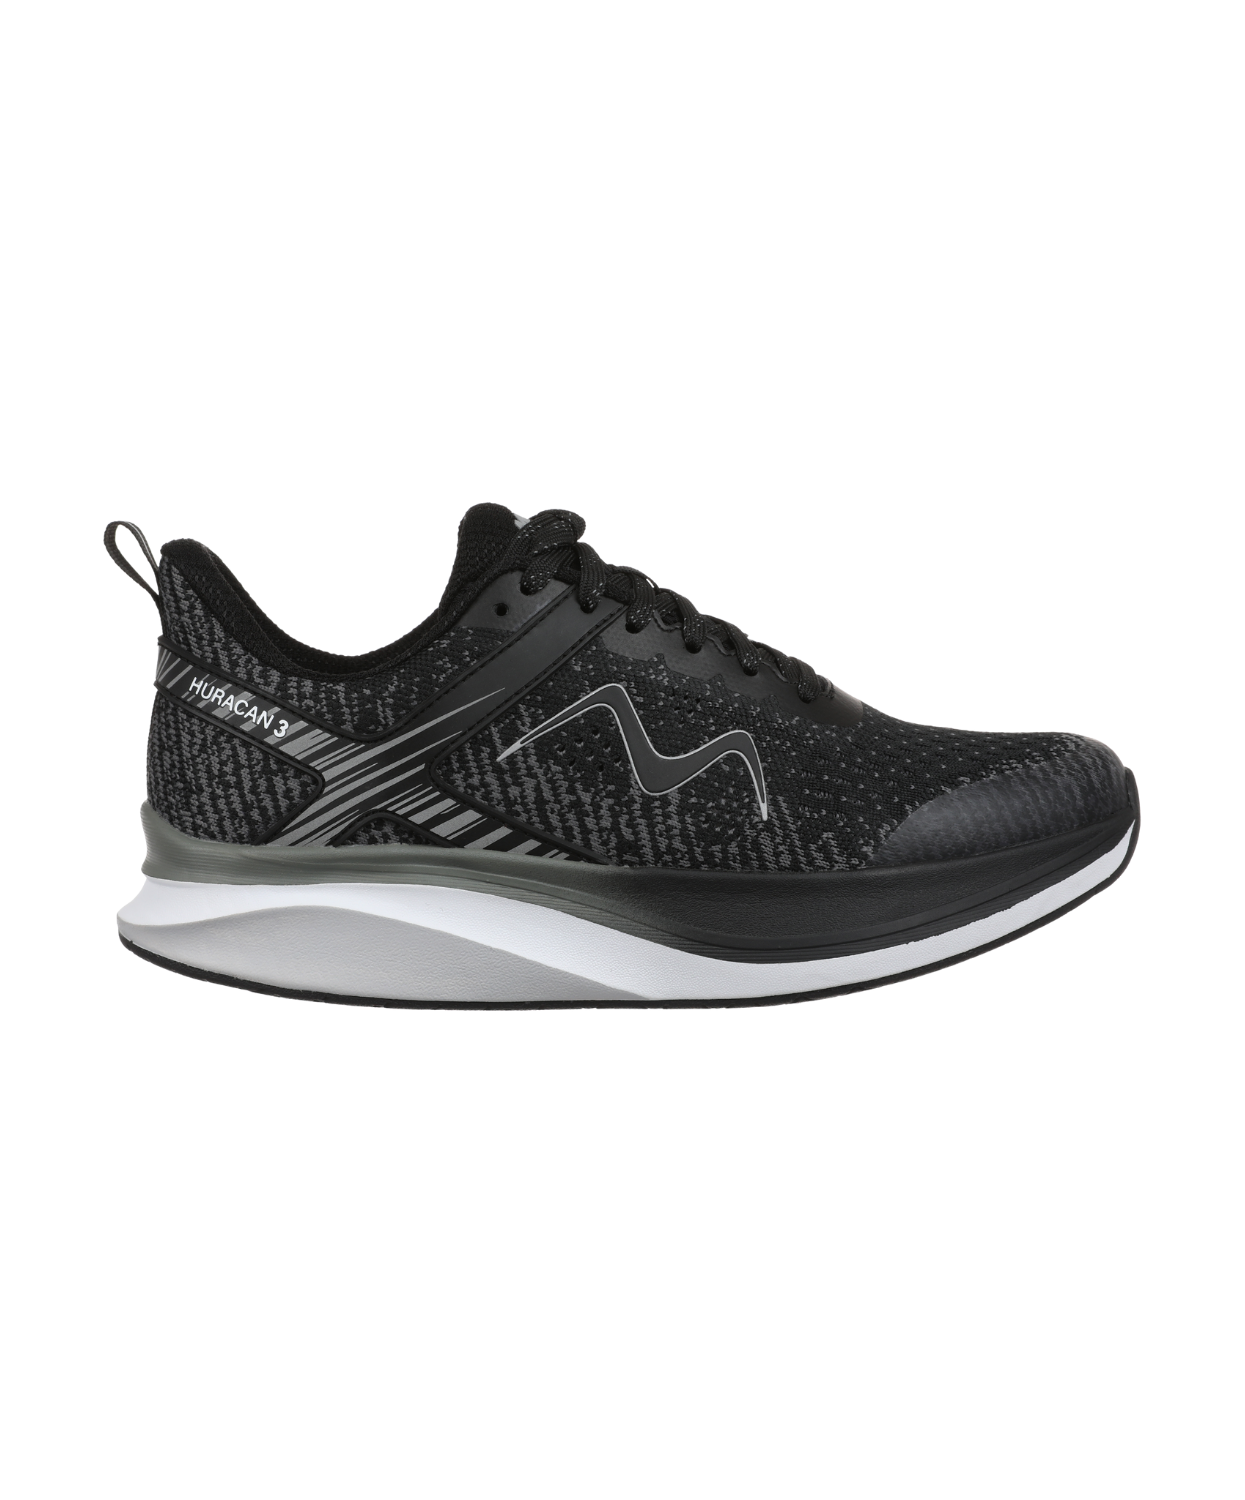 MBT Huracan 3 Lace Up Black Womens Sneakers
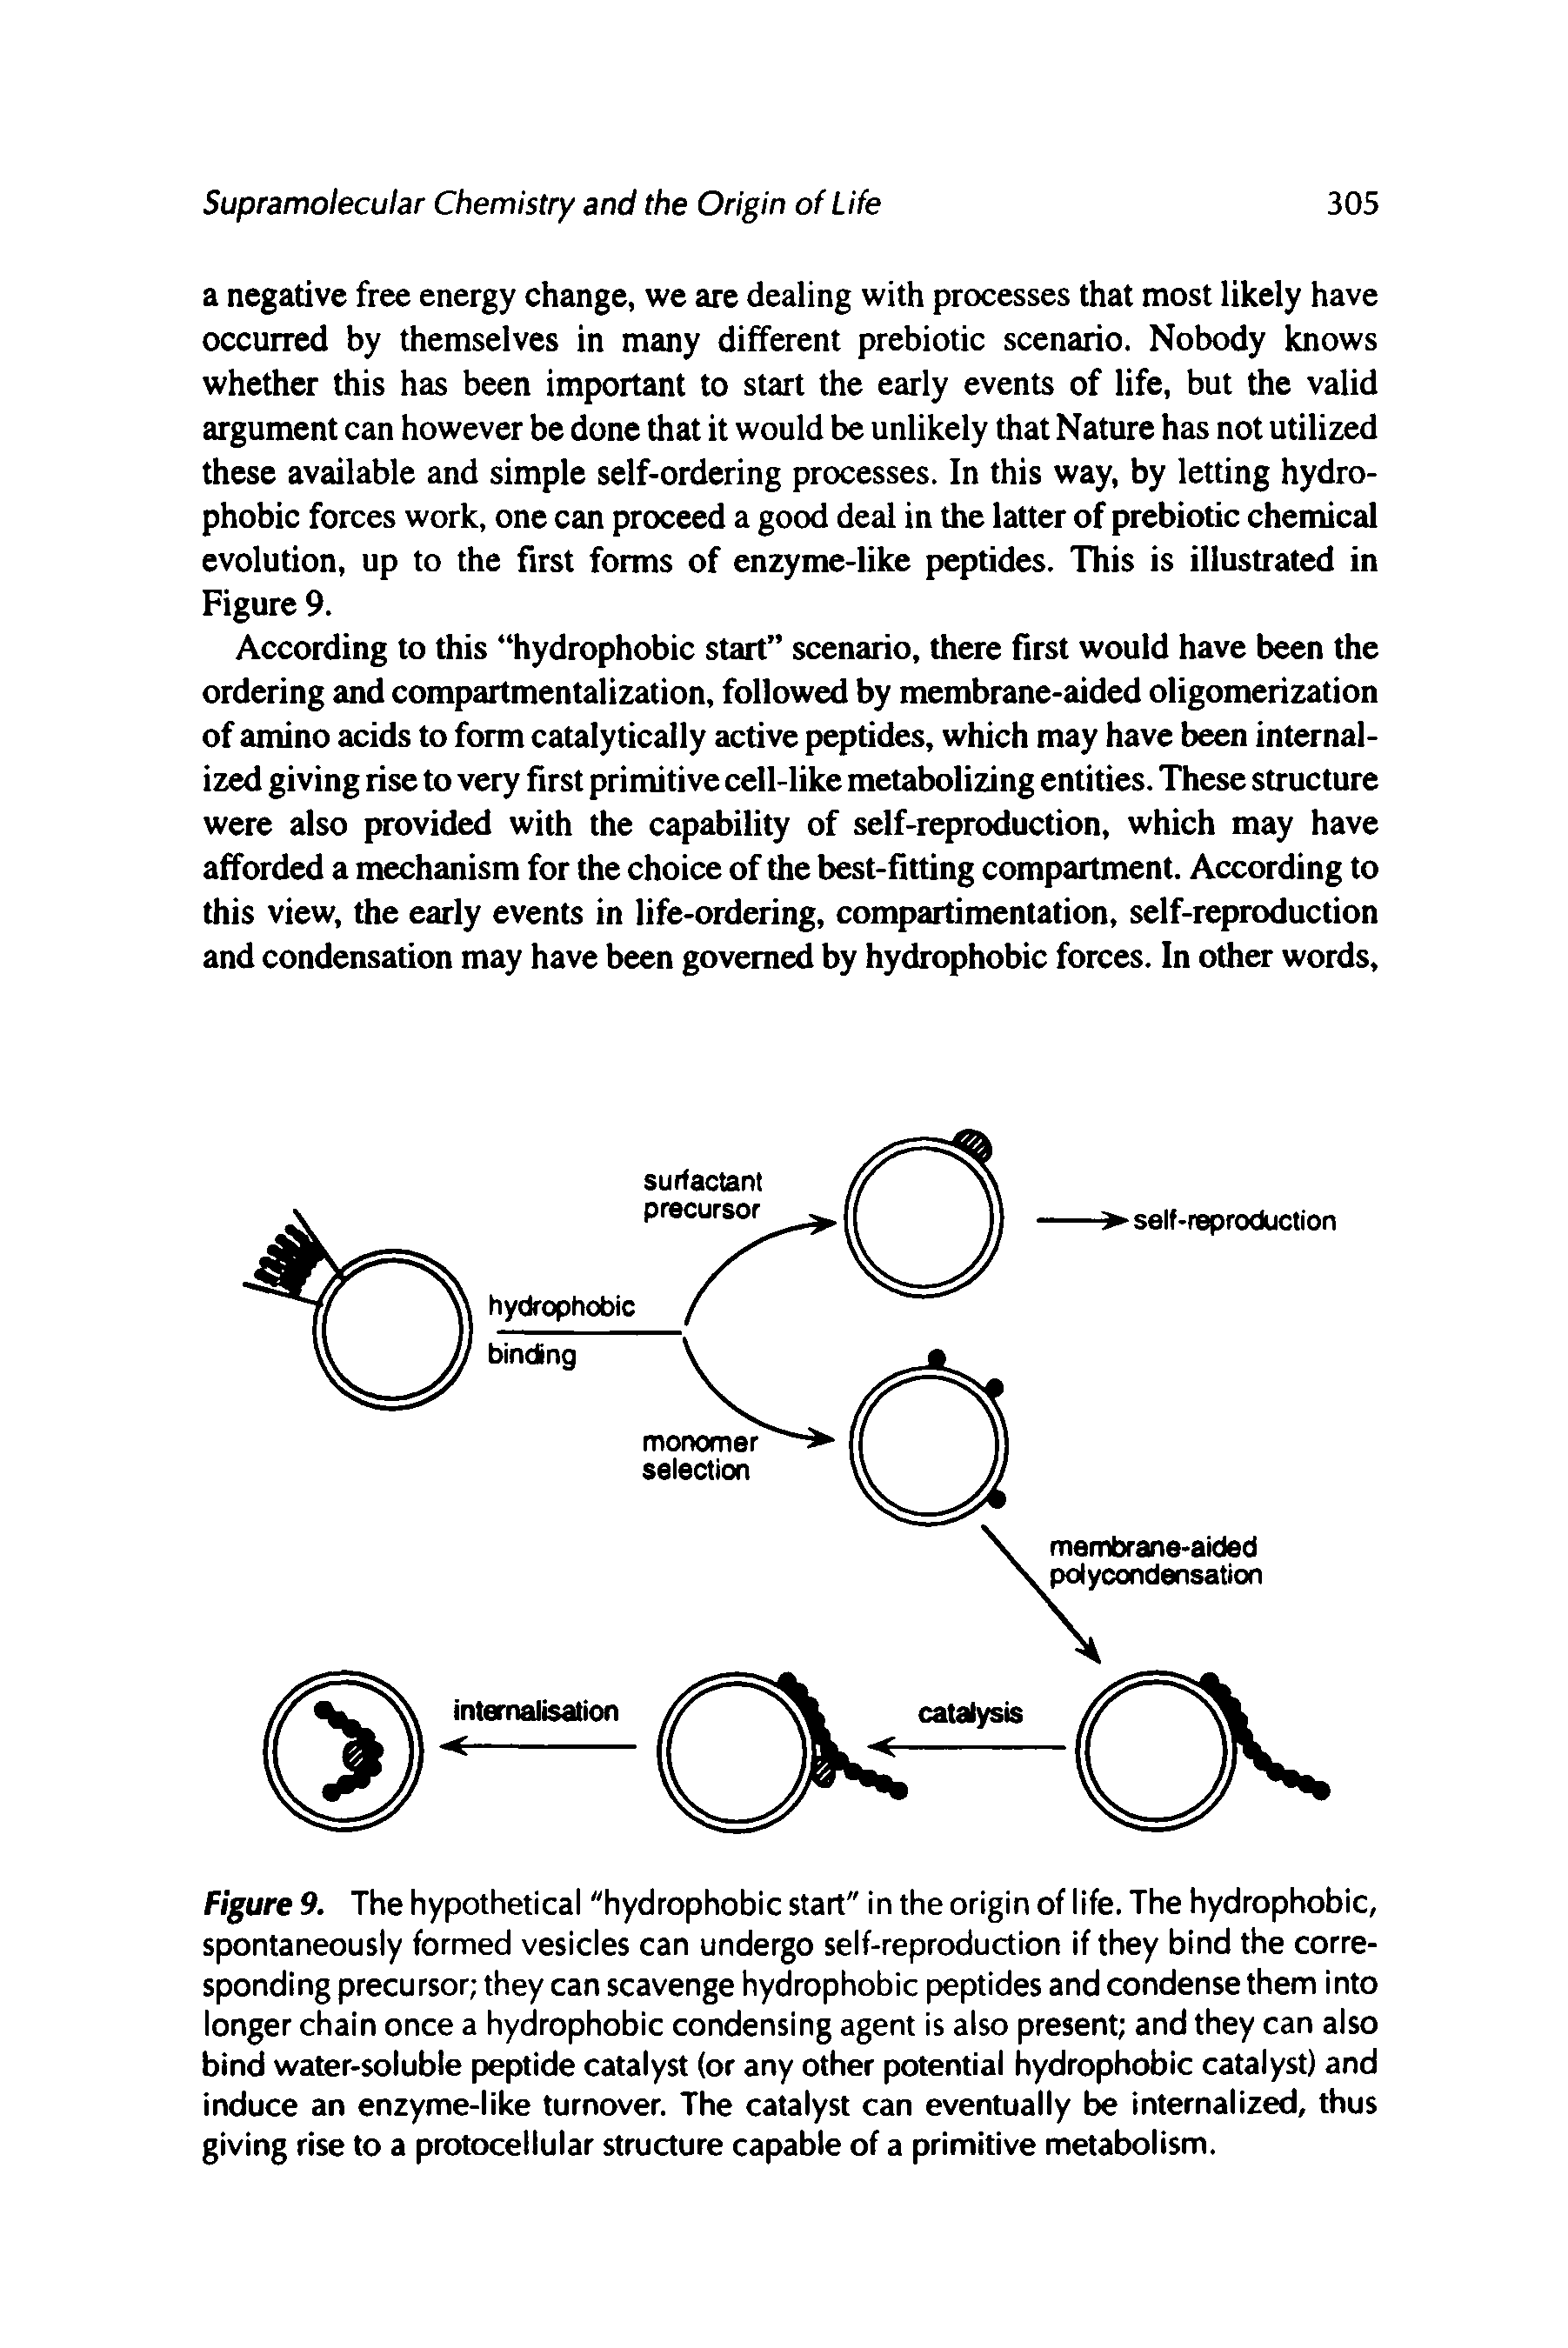 Figure 9. The hypothetical "hydrophobic start" in the origin of life. The hydrophobic, spontaneously formed vesicles can undergo self-reproduction if they bind the corresponding precursor they can scavenge hydrophobic peptides and condense them into longer chain once a hydrophobic condensing agent is also present and they can also bind water-soluble peptide catalyst (or any other potential hydrophobic catalyst) and induce an enzyme-like turnover. The catalyst can eventually be internalized, thus giving rise to a protocellular structure capable of a primitive metabolism.
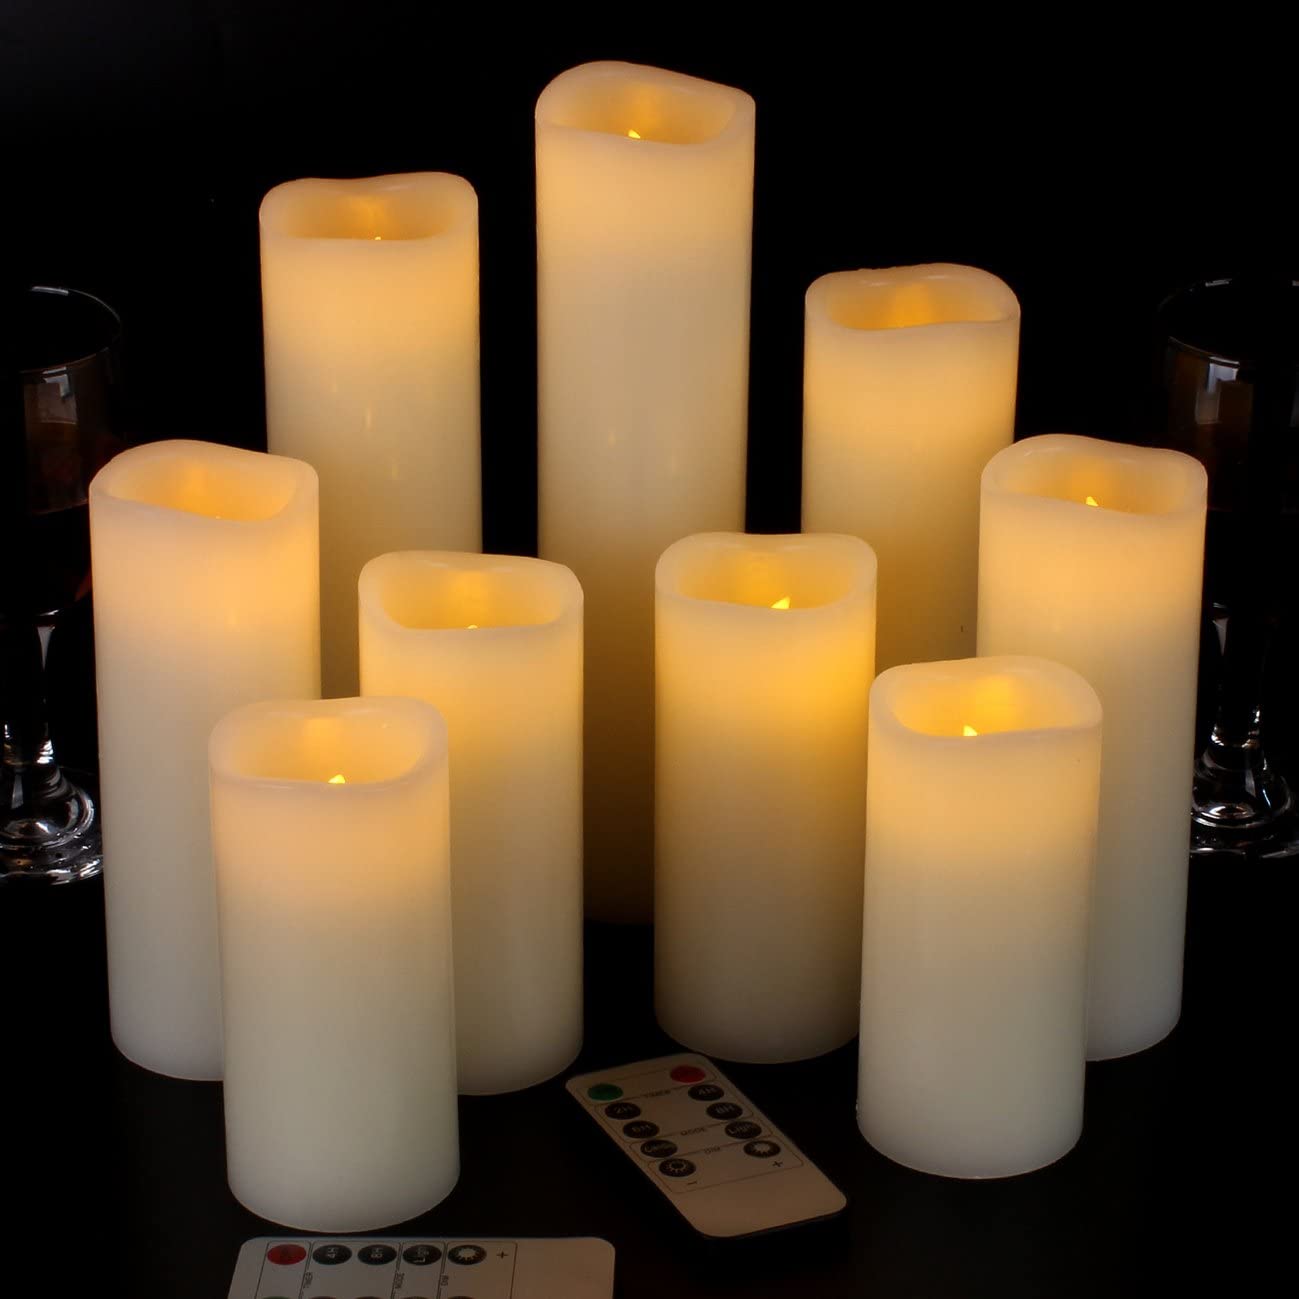 Vinkor Energy Saving Flameless Scented Candles, 9-Pack
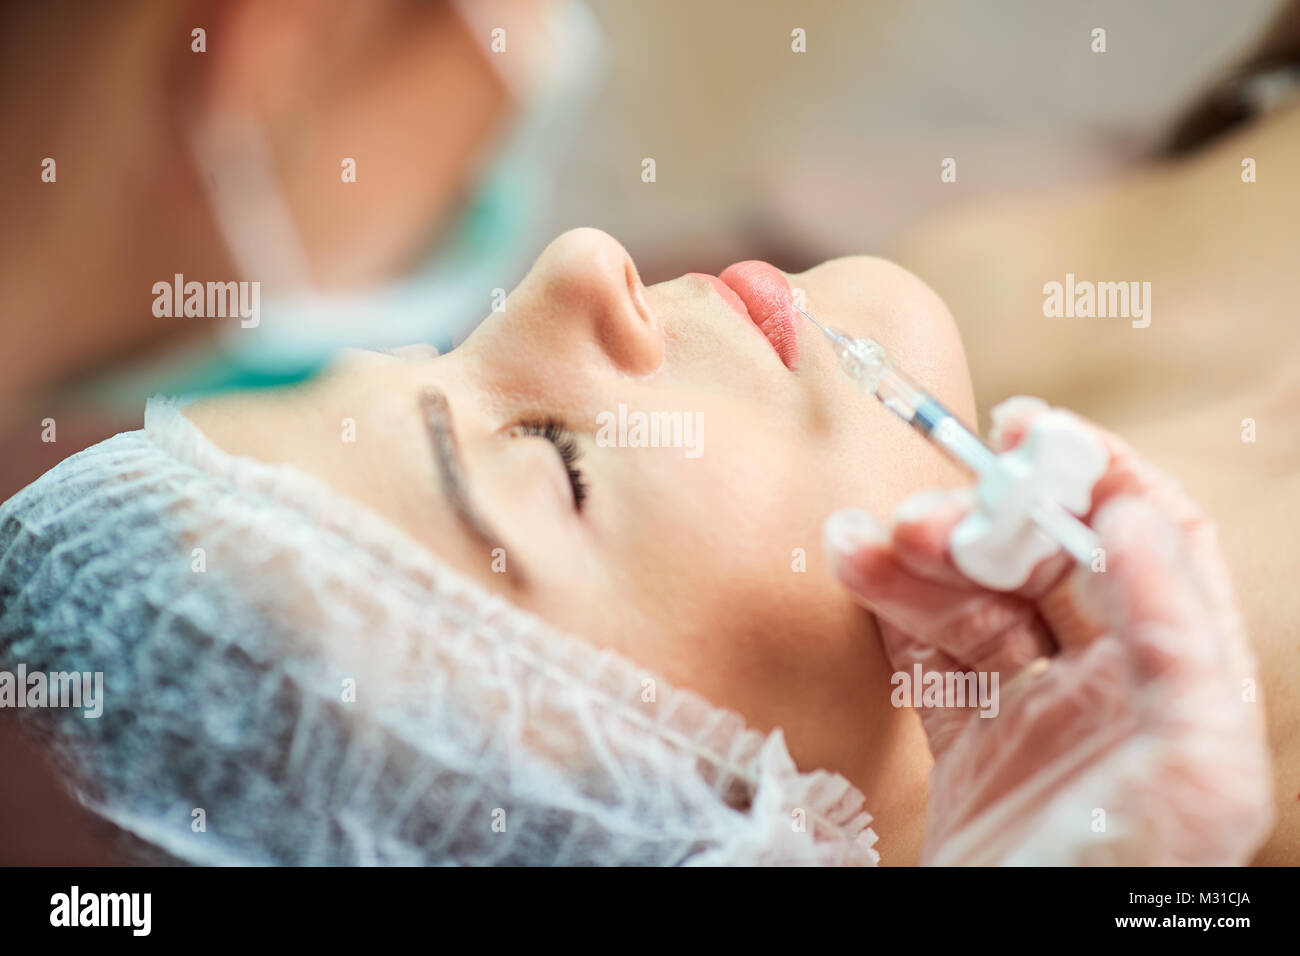 Cosmetic injection in the spa salon.  Stock Photo

YOUR INSTRUCTIONS: Copy the material verbatim. The pictures are not part of the copy.

SOLUTION TO THIS EXERCISE:
 MBT Huracan 3 Lace Up Black Womens Sneakers
 Figure 9. The hypothetical "hydrophobic start" in the origin of life. The hydrophobic, spontaneously formed vesicles can undergo self-reproduction if they bind the corresponding precursor they can scavenge hydrophobic peptides and condense them into longer chain once a hydrophobic condensing agent is also present and they can also bind water-soluble peptide catalyst (or any other potential hydrophobic catalyst) and induce an enzyme-like turnover. The catalyst can eventually be internalized, thus giving rise to a protocellular structure capable of a primitive metabolism.
 Vinkor Energy Saving Flameless Scented Candles, 9-Pack
 Cosmetic injection in the spa salon.  Stock Photo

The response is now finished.